The annulment and outright cancellation of the June 12 1993 presidential election obviously won by the late MKO Abiola has set the Yoruba nation searching for the formula for social justice and to give the mental climate of their time the rank of universal validity. The determination of the core north for unhindered religious expression anchored on sharia law has ignited a regime of implementation of sharia laws in most states in the north. 
The more critical the epoch in which we live, the more profound is the emphasis on cooperative federalism anchored on a restructured Nigeria. Men fight grimly for the status and liberties of their people lest other men deny them the experience they seek to validate. Our age in this regard is not different from the lessons of history. It is an age of critical transition in which, at the end, a new social configuration, superior in content and form, will be born. Our scheme of values is in the melting pot; and the principles of refashioning them have to be determined and urgently too. As always, at times such as this, men have had to go back to the foundations of history and politics to seek a new explanation for the nature and functions of the state.

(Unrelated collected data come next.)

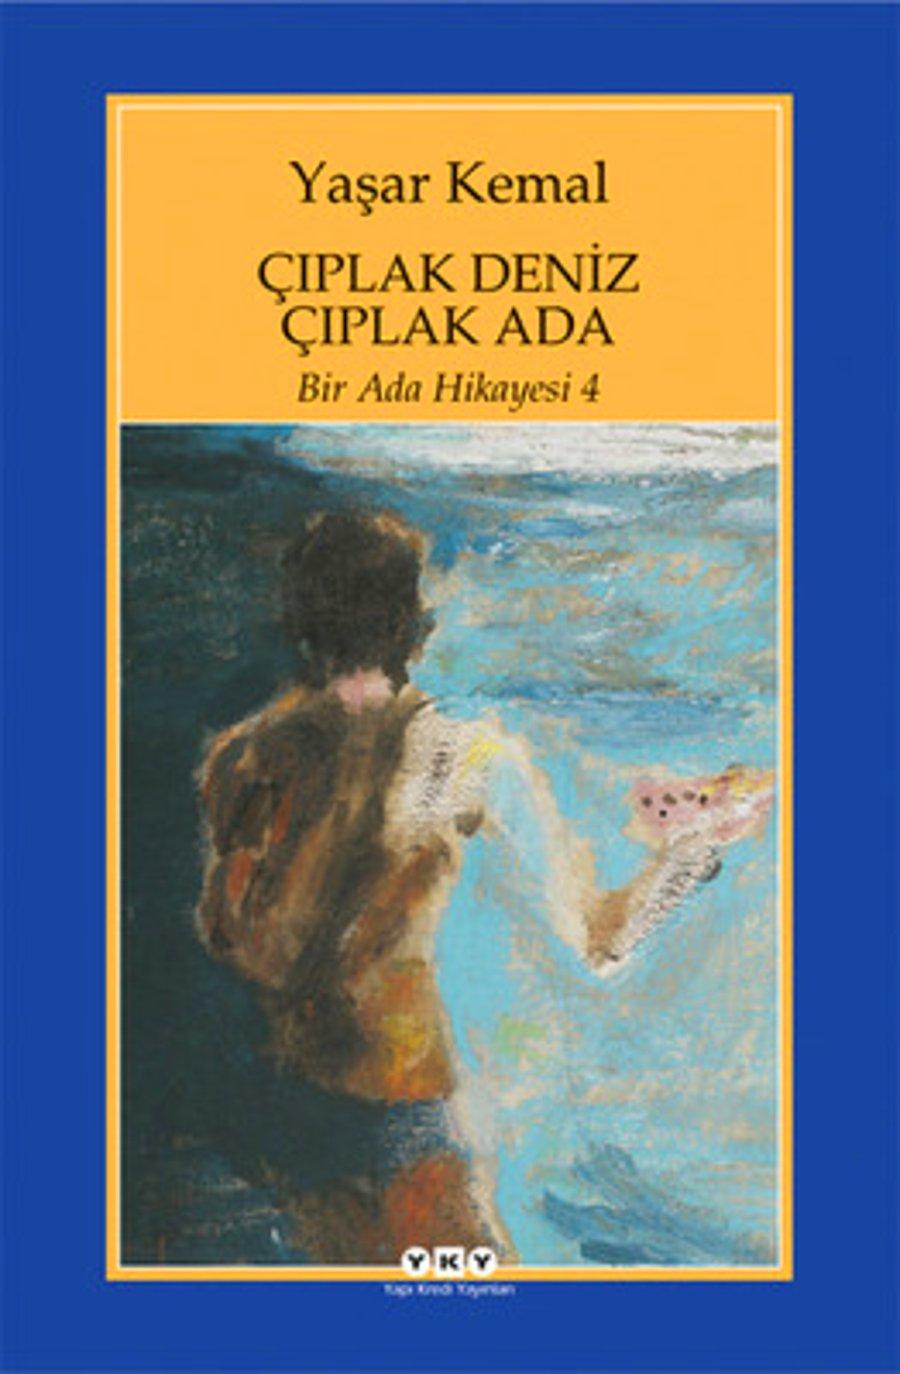 Turk Edebiyatinin Dev Ismi Yasar Kemal In Mutlaka Okumaniz Gereken 19 Kitabi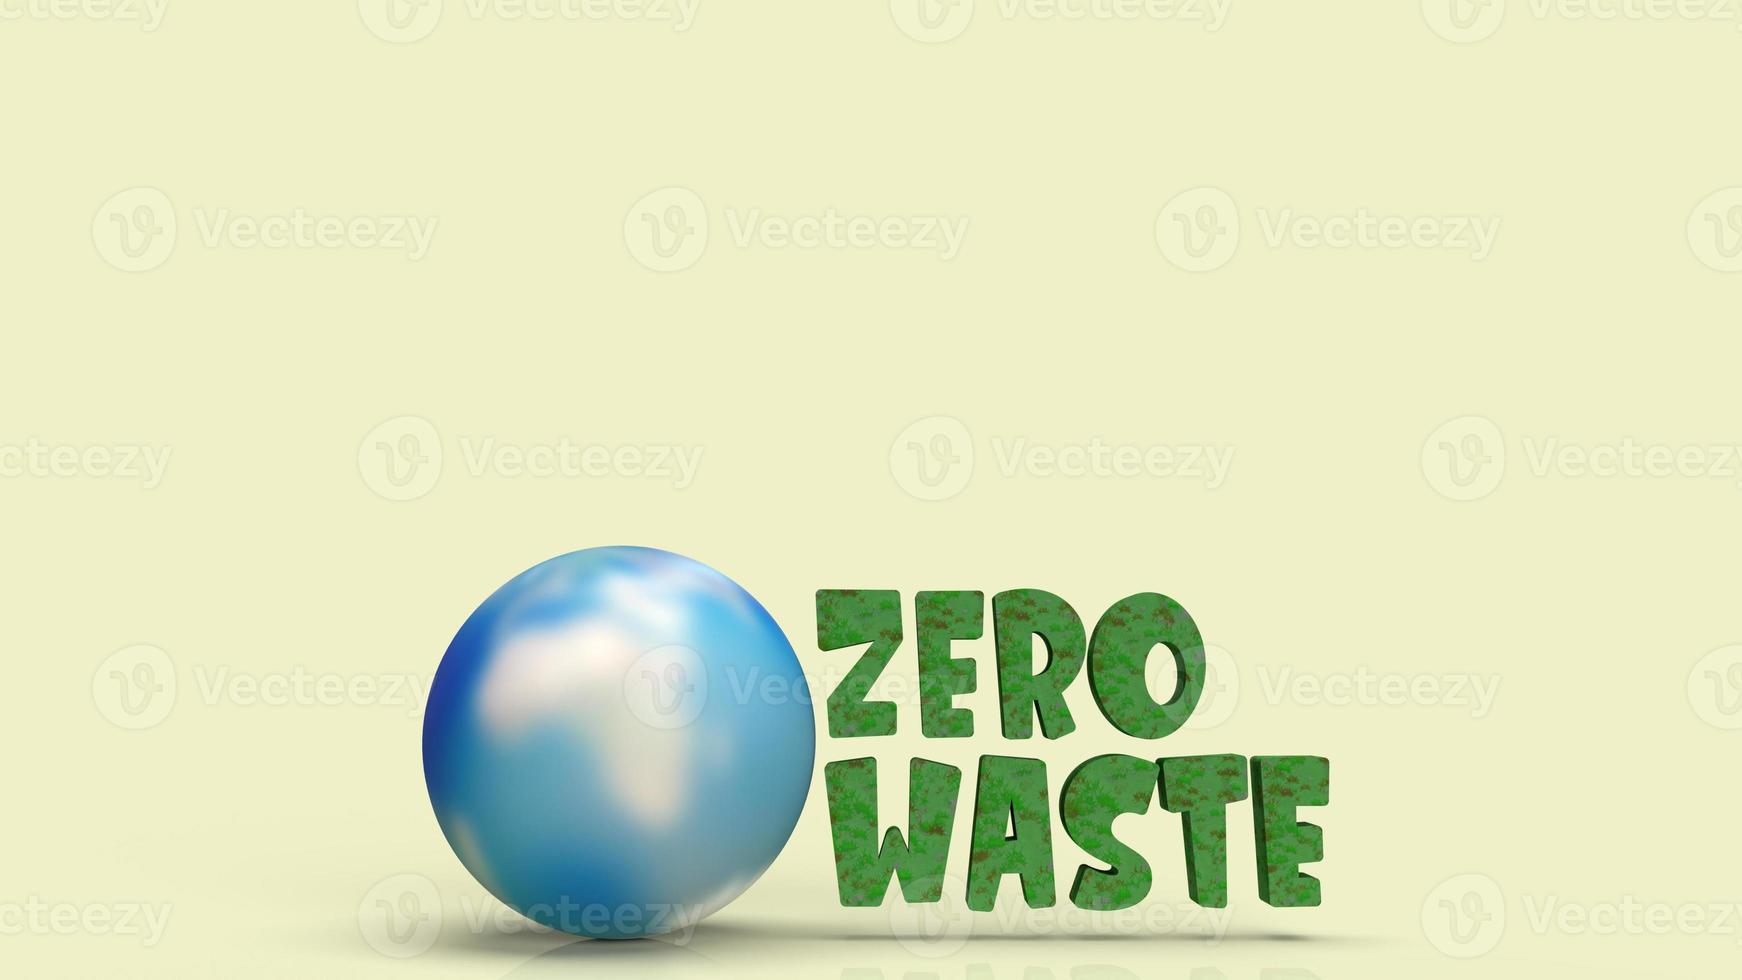 Zero waste text och världs 3d-rendering för ekologiskt innehåll. foto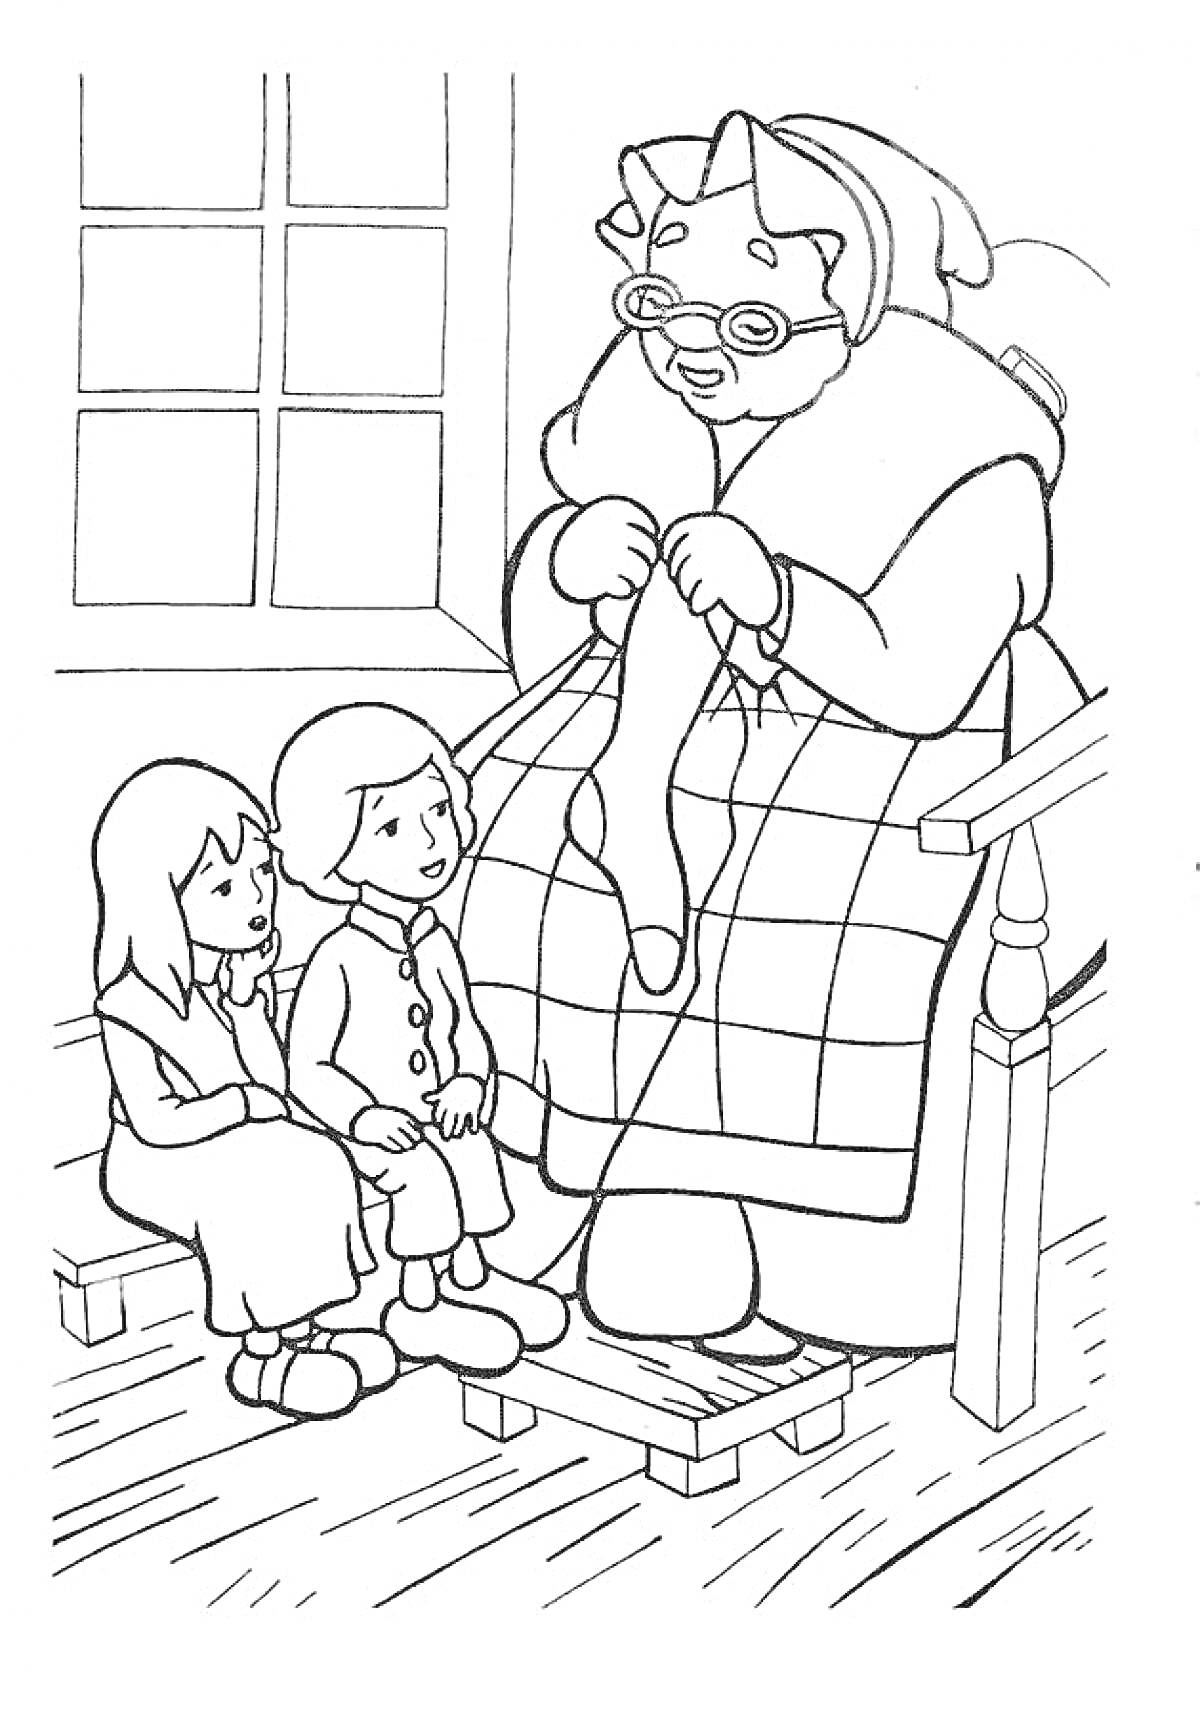 Раскраска Бабушка в кресле качалке вяжет носок, дети сидят рядом, окно на заднем плане

WHY THE CLAMOUR FOR RESTRUCTURING?

Today, I stand before you at the crossroads of history; history festooned by the sweat and blood of our past patriots and founding fathers; who in a significant act of great foresight contrived and accepted the cooperating constitution of 1956, which midwifed the Nigerian state at independence. It is their sacrifice that has fostered Nigeria as a potentially powerful giant. Unfortunately, Nigeria has remained a lumbering behemoth; a clay-footed giant with bleak and gloomy future.
The return of the country to civil rule, as distinct from democratic rule, on May 29th 1999 was expected to herald the march of this country and her people to greatness. Almost 17years after; and inspite of the declaration of May 29th every year as Democracy Day, it is obvious that we are yet to take the first real step in our journey to the Promised Land.
This state of affairs is bound to continue unless and until we get our political arrangement and configurations straightened out. And we ought to be in a great haste to get this done. The truth about Nigerian politics is its ethnic and religious pigmentation. These factors are pivotal in understanding the character, nature, content and systemic organizations that shape Nigerian politics and way of life. No matter how the apologists and beneficiaries of the present system may try to explain away this reality, present events prove conclusive and evidential of this scourge. The ethnic and primordial character of appointments by the present administration only confirms this reality.
This cannot be otherwise given the fact that after over fifty years of political independence, the Nigerian project still thrives on the illusion of unity even in the absence of binding ethos. Thus, the nature of the Nigerian state has sustained the entrenchment of political power groups defined by ethnic and religious rather than national goals. As the post independence events have shown, the various political parties since independence have followed this pattern of ethnic determinism in their evolution despite our pretensions to the contrary. This is because of the centrifugal forces at play in our polity. 
A little flight into history will authenticate this assertion. In 1949, the northern political establishment founded the Northern People’s Congress (NPC) with the philosophy of “One North, One People, and One Destiny”. The Yoruba nation followed suit in 1951 with the formation of Action Group (AG), with a rallying cry for the protection of Yoruba interests in Nigeria. These parties, with their limited ethnic horizon, expectedly inflicted grave wounds on the pan-Nigerian pretensions of the NCNC, which progressively assumed the toga of southeastern political party. No matter how any person may try to explain away that fact in retrospect, it was the beginning of the denigration of the birth of a truly Nigerian state. 
The emergence of these parties further proved the point that from the very beginning, the various ethno-linguistic configurations in Nigerian had wittingly voted for self-determination. As a further proof and assertion of its vote for ethnic determinism, the Northern Regional House of Assembly on May 23rd 1953 passed a resolution calling for confederation on the principles of regional cum ethnic autonomy, with a loose central government. 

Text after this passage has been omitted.